* [YOUR INSTRUCTIONS]:
Restate exactly, and only, the lines from the one with "SDV Chemie Motorstarter" through the end of the data, with both of those end lines kept. Drop any pictures.

* [RECORDED DATA]:
####################
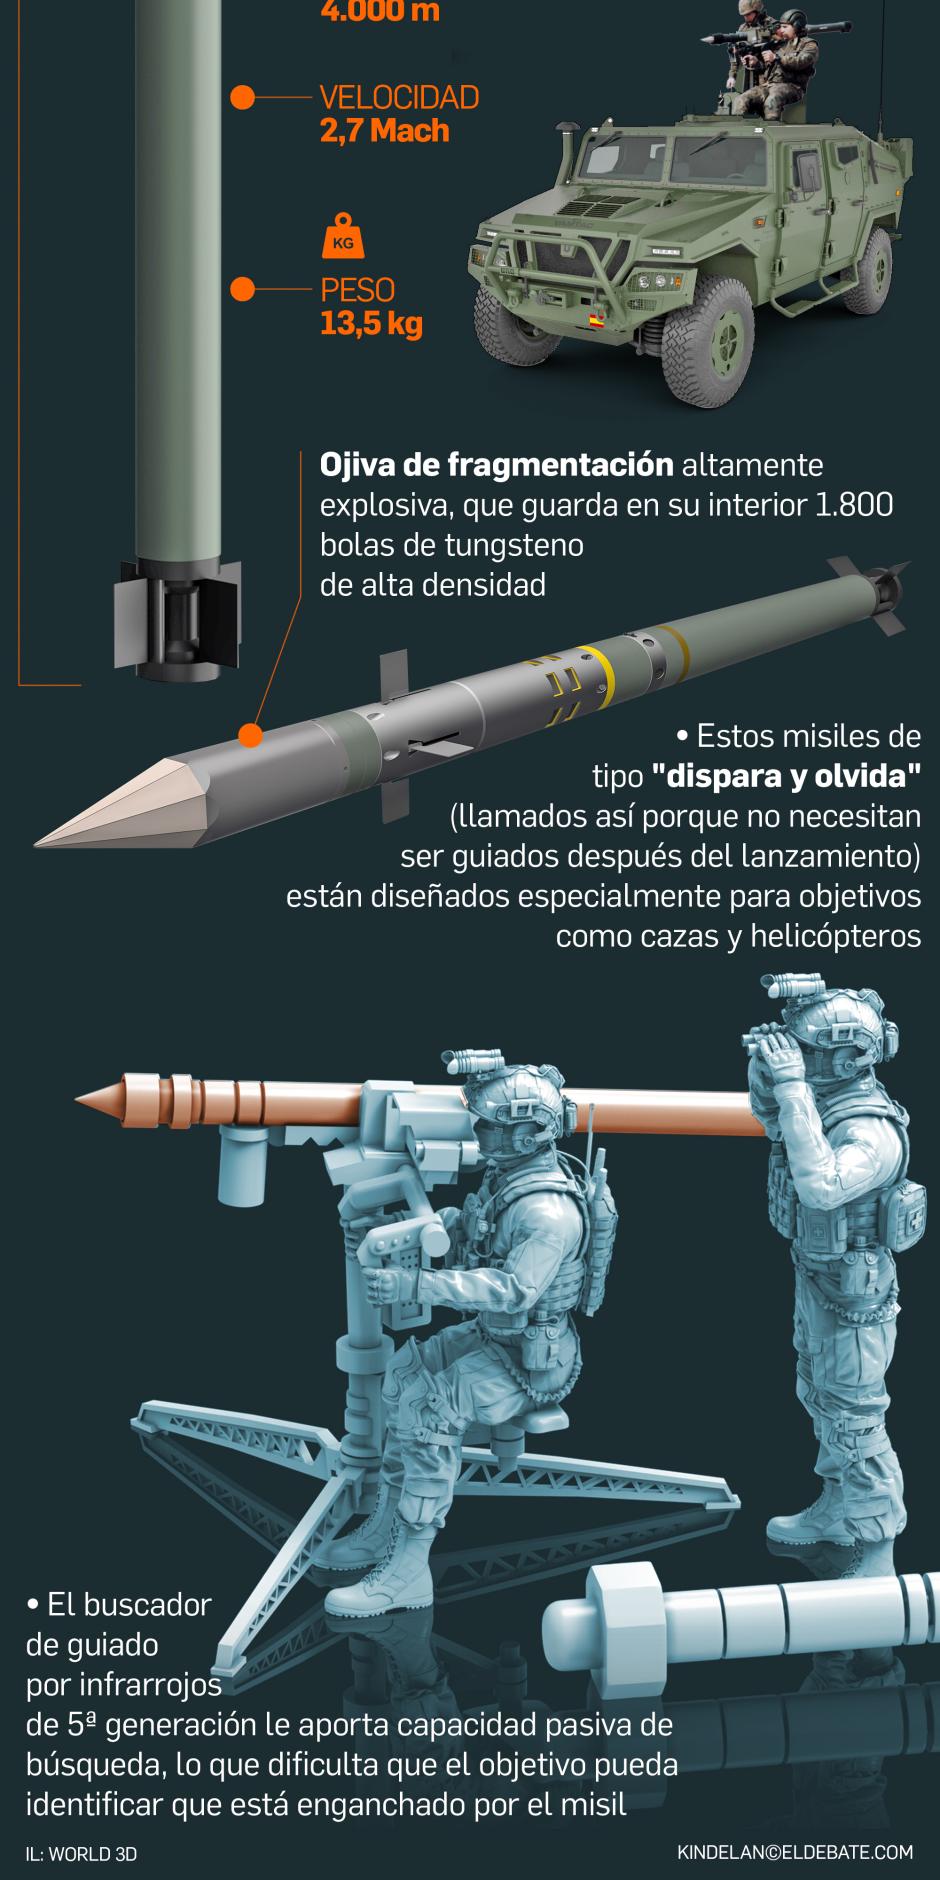 Así es el misil Mistral III
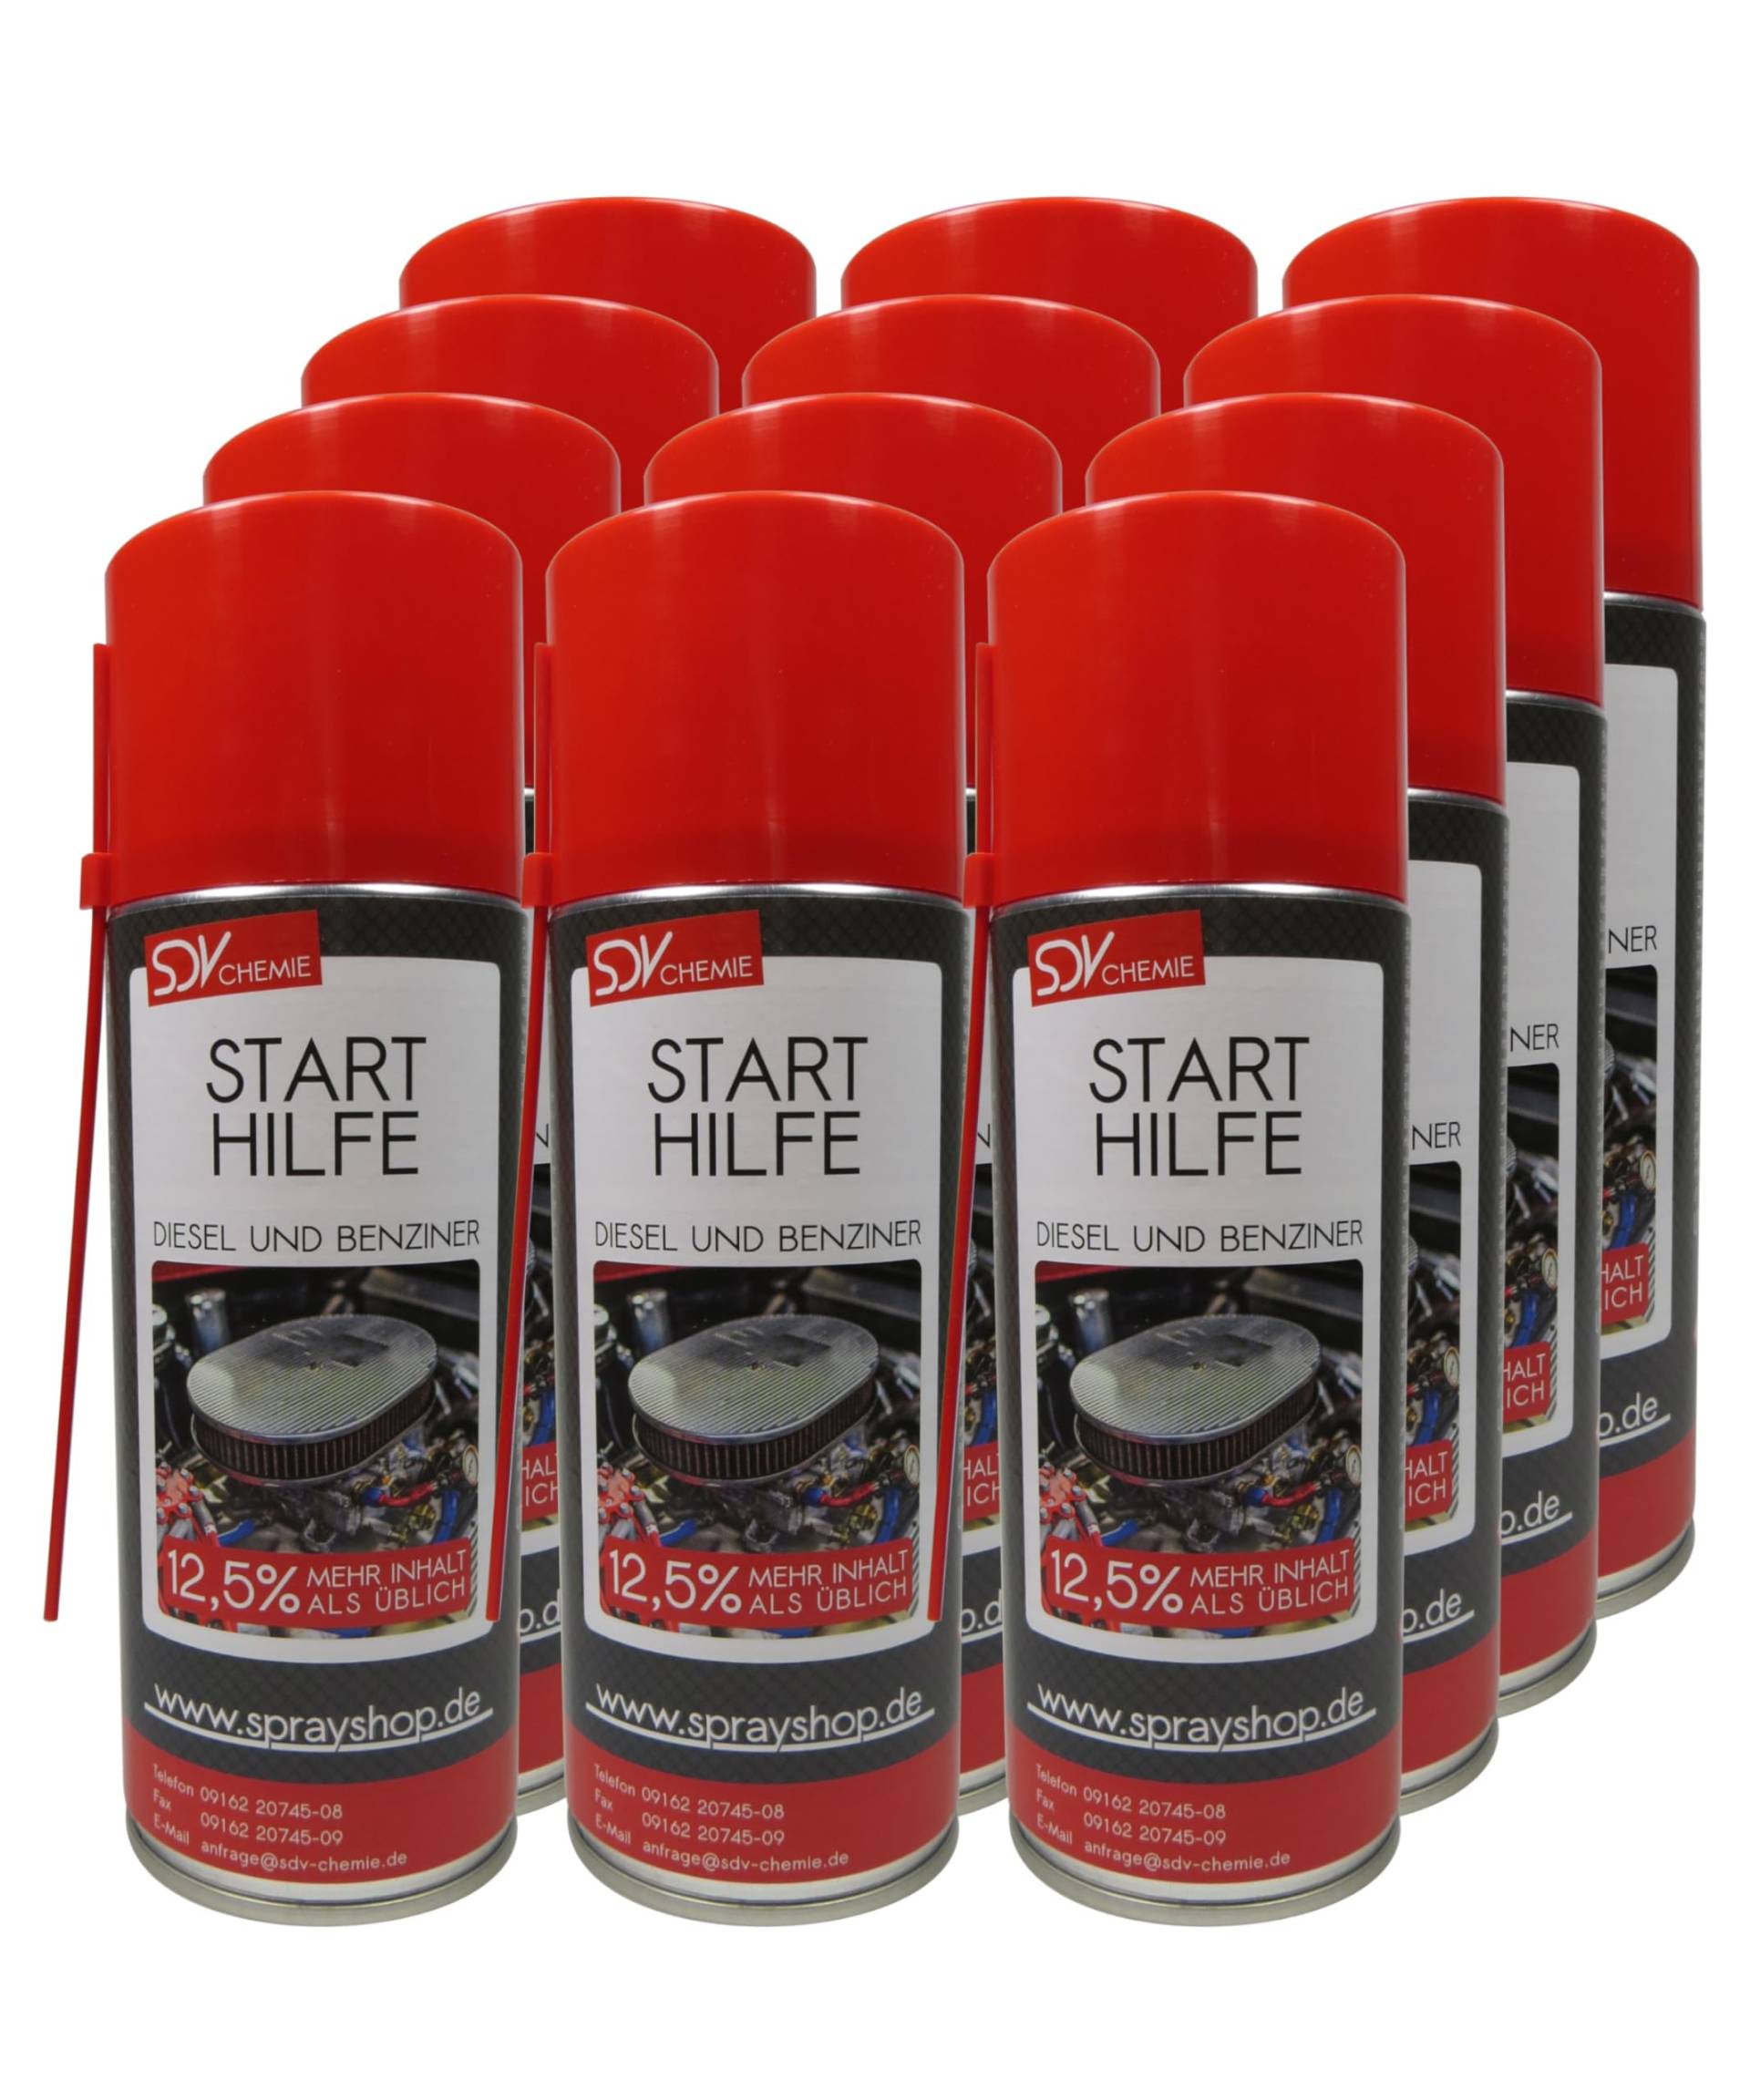 SDV Chemie Motorstarter Starthilfespray 12x 400ml Motorstartspray Starterspray Starthilfe von SDV Chemie
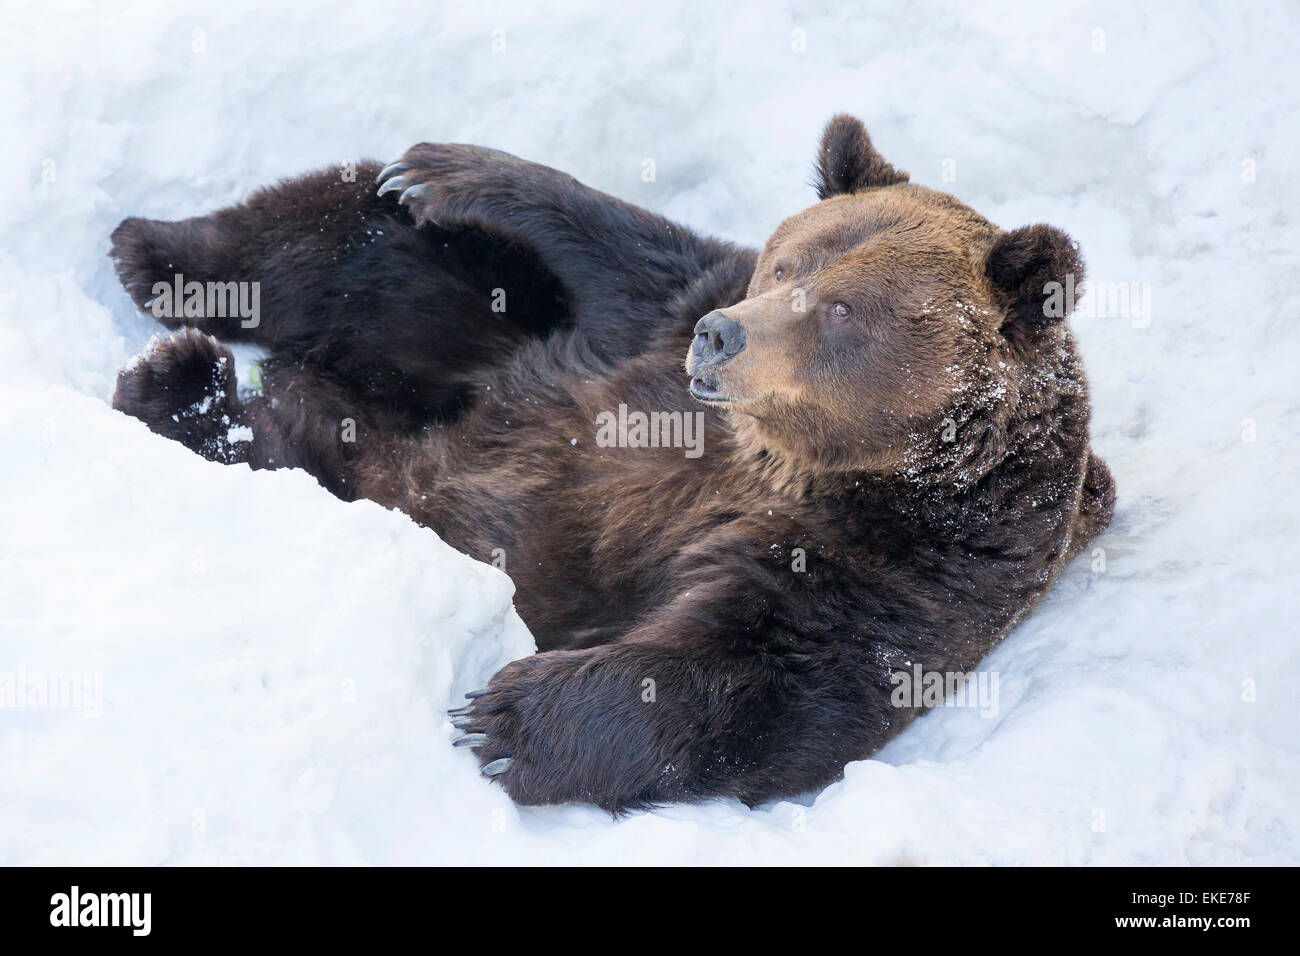 Oso grizzly (Ursus arctos horribilis) tendido en la nieve tras salir de una hibernación durante el invierno Foto de stock
####################
* [RESPONSE TO THIS TASK]:
 SDV Chemie Motorstarter Starthilfespray 12x 400ml Motorstartspray Starterspray Starthilfe von SDV Chemie
 Oso grizzly (Ursus arctos horribilis) tendido en la nieve tras salir de una hibernación durante el invierno Foto de stock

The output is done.